Information provided section start
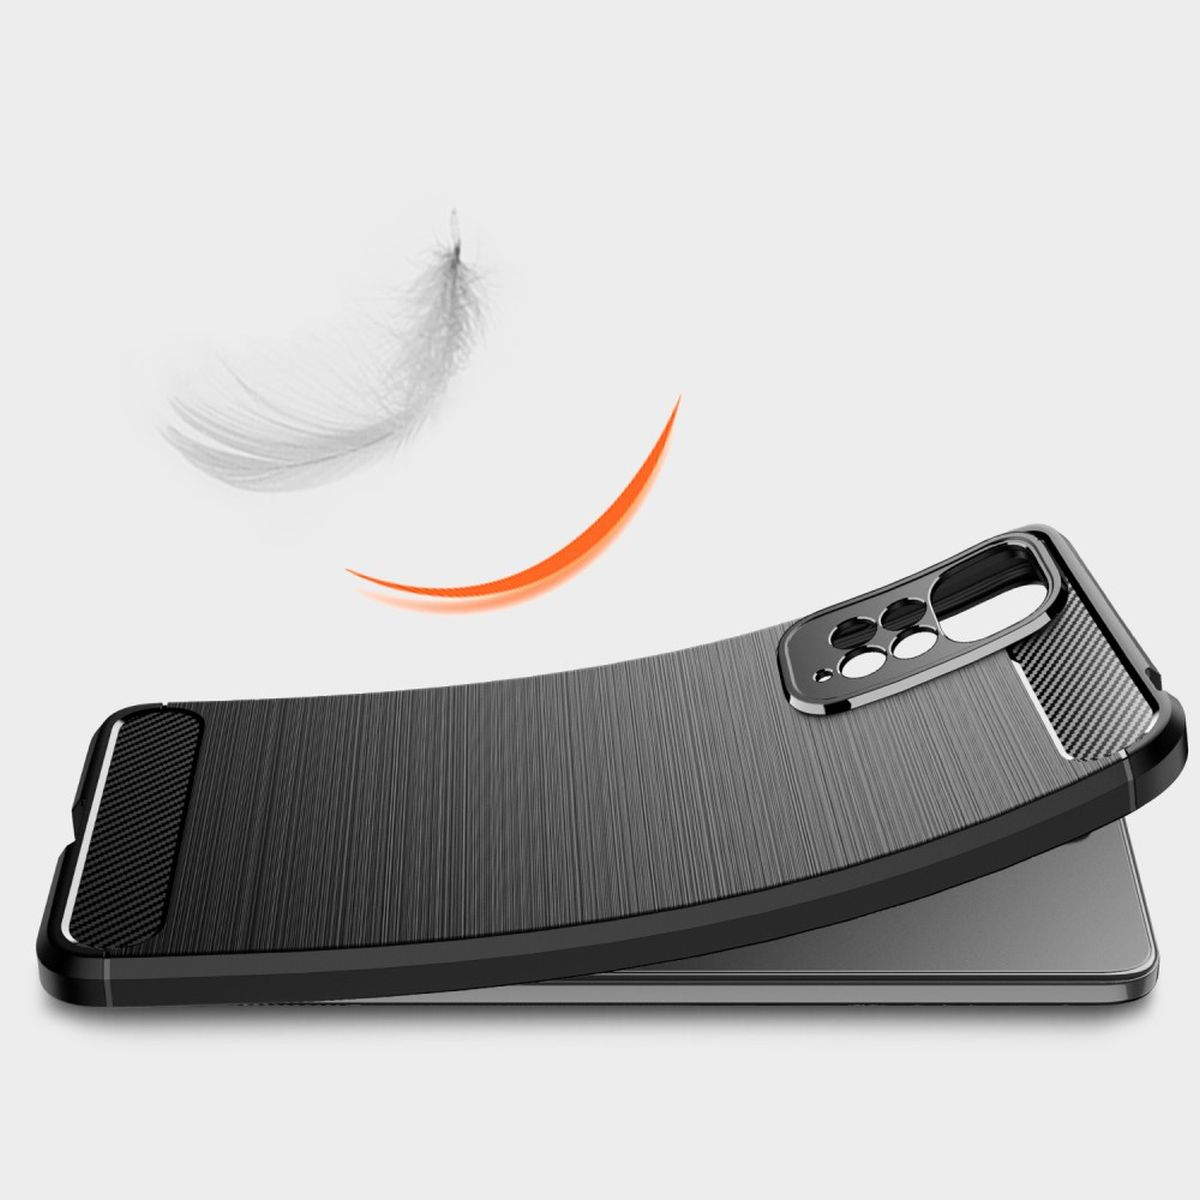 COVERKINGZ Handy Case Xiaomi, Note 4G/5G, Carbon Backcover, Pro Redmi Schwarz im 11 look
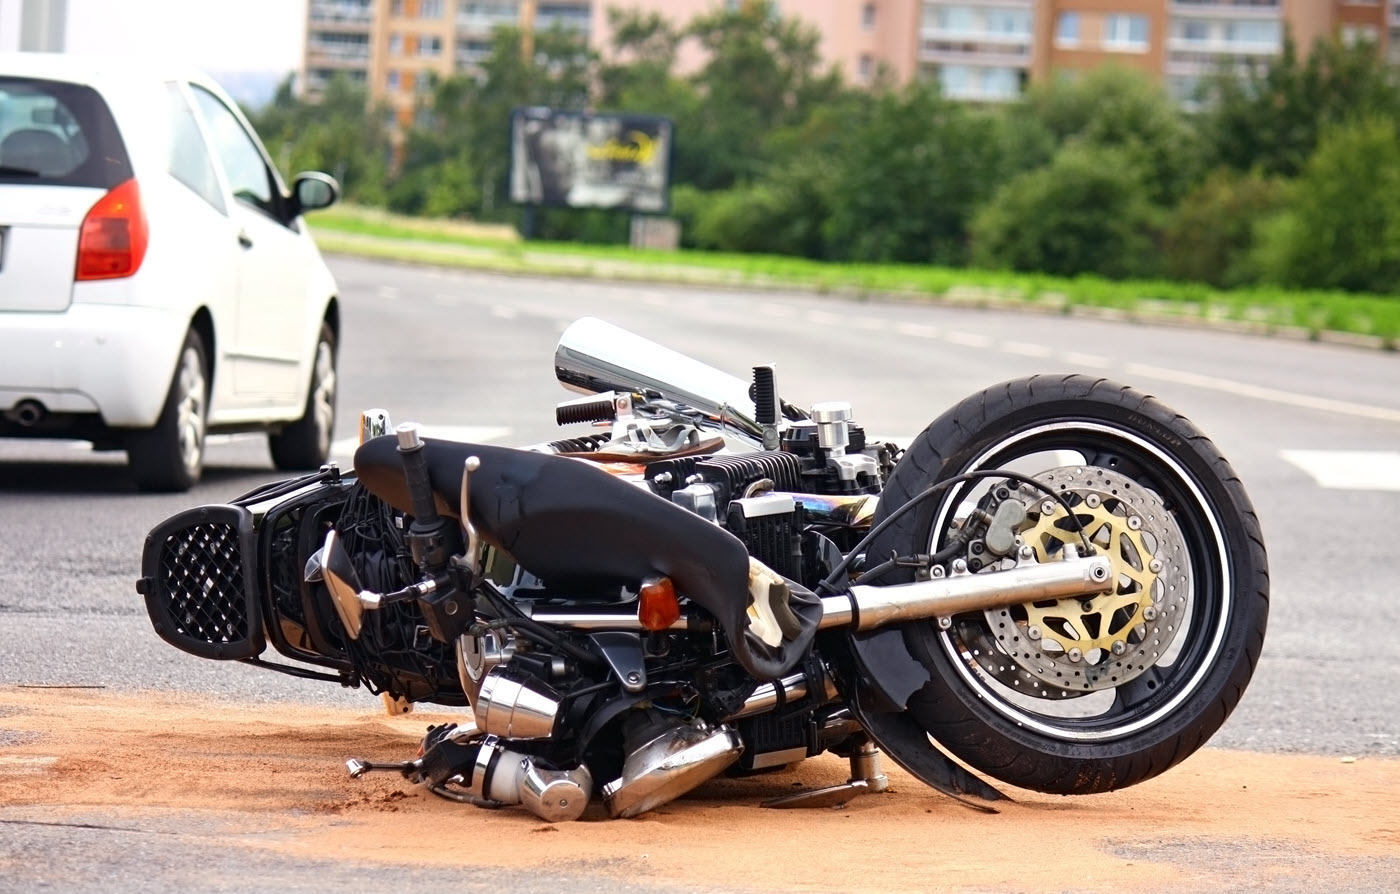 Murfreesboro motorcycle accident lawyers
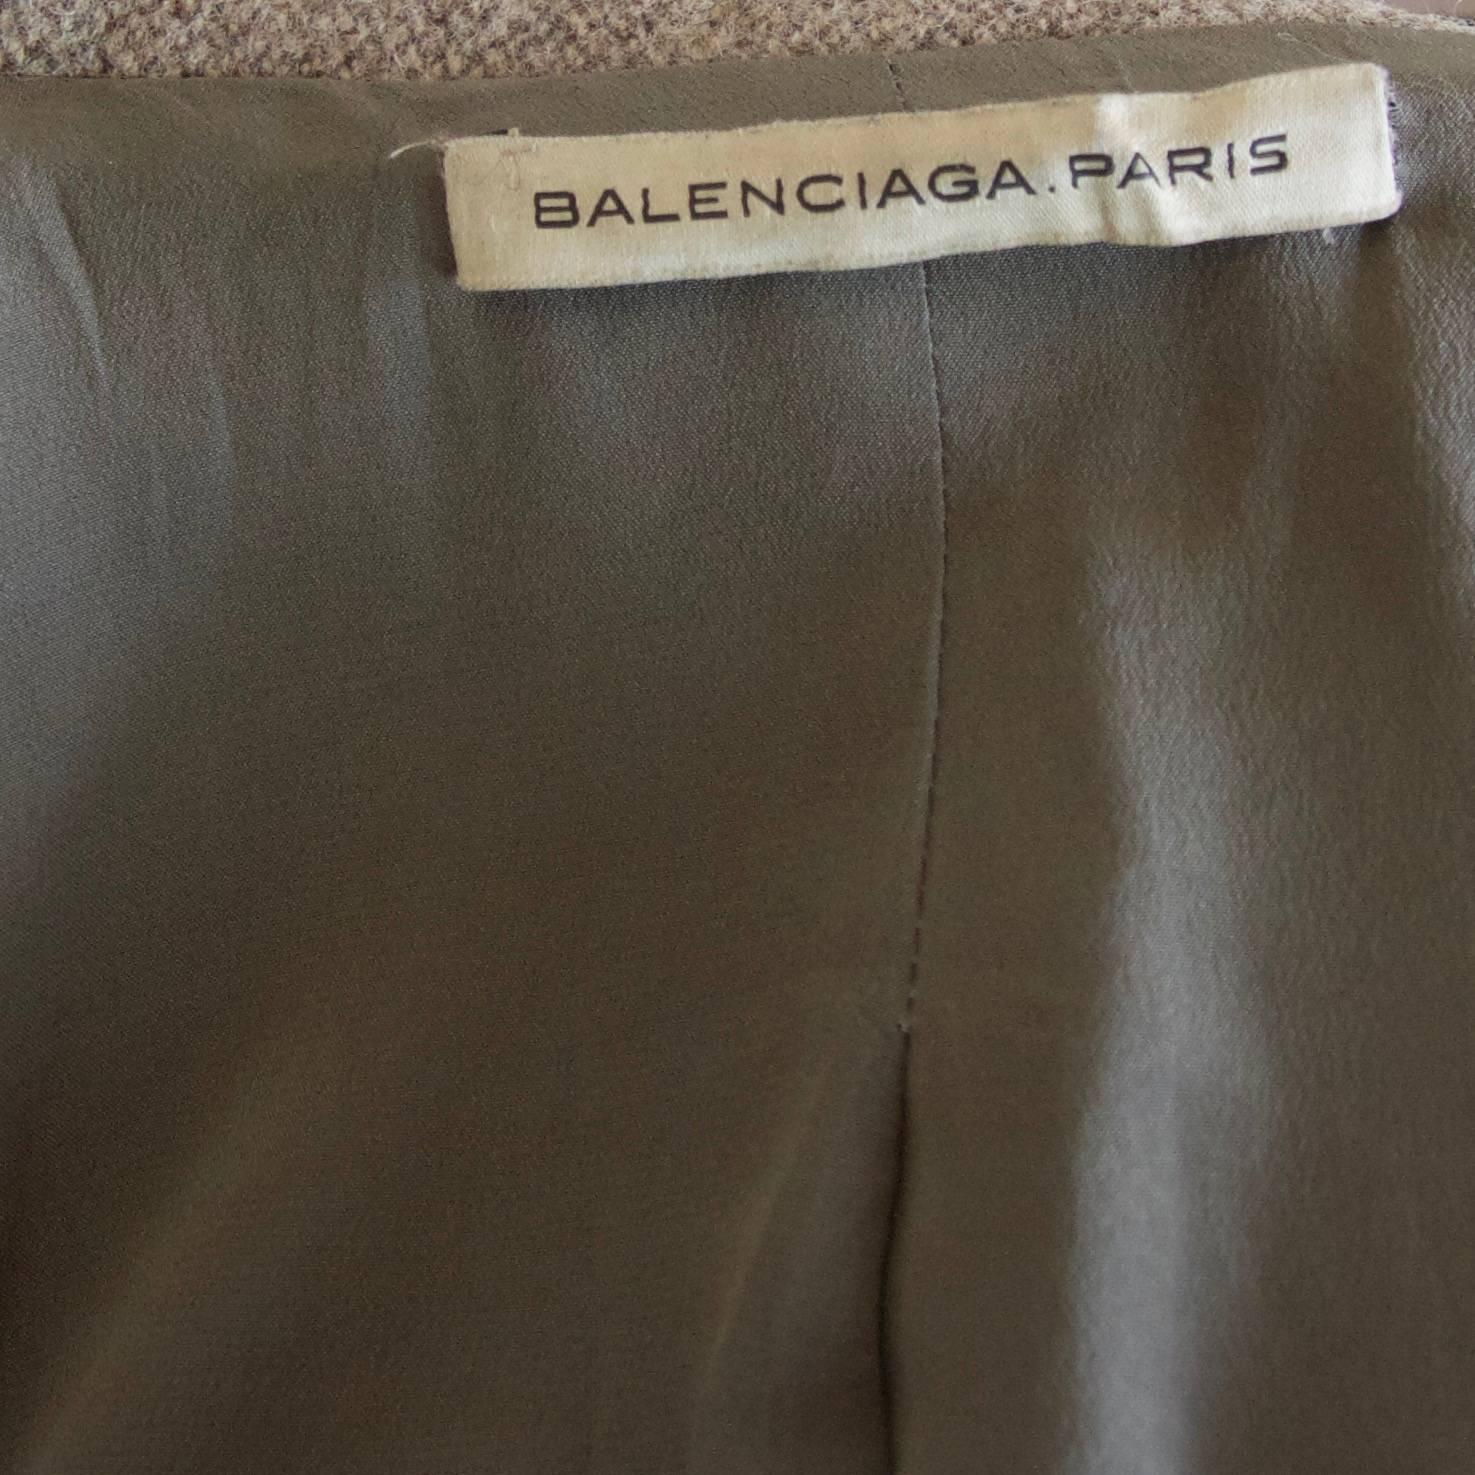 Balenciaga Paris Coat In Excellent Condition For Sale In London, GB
Information provided section end
Reproduce word for word the lines running from the line with "Murfreesboro motorcycle accident lawyers" through the end of the data, both included, and nothing else; leave out the pictures.

 Murfreesboro motorcycle accident lawyers
 Balenciaga Paris Coat In Excellent Condition For Sale In London, GB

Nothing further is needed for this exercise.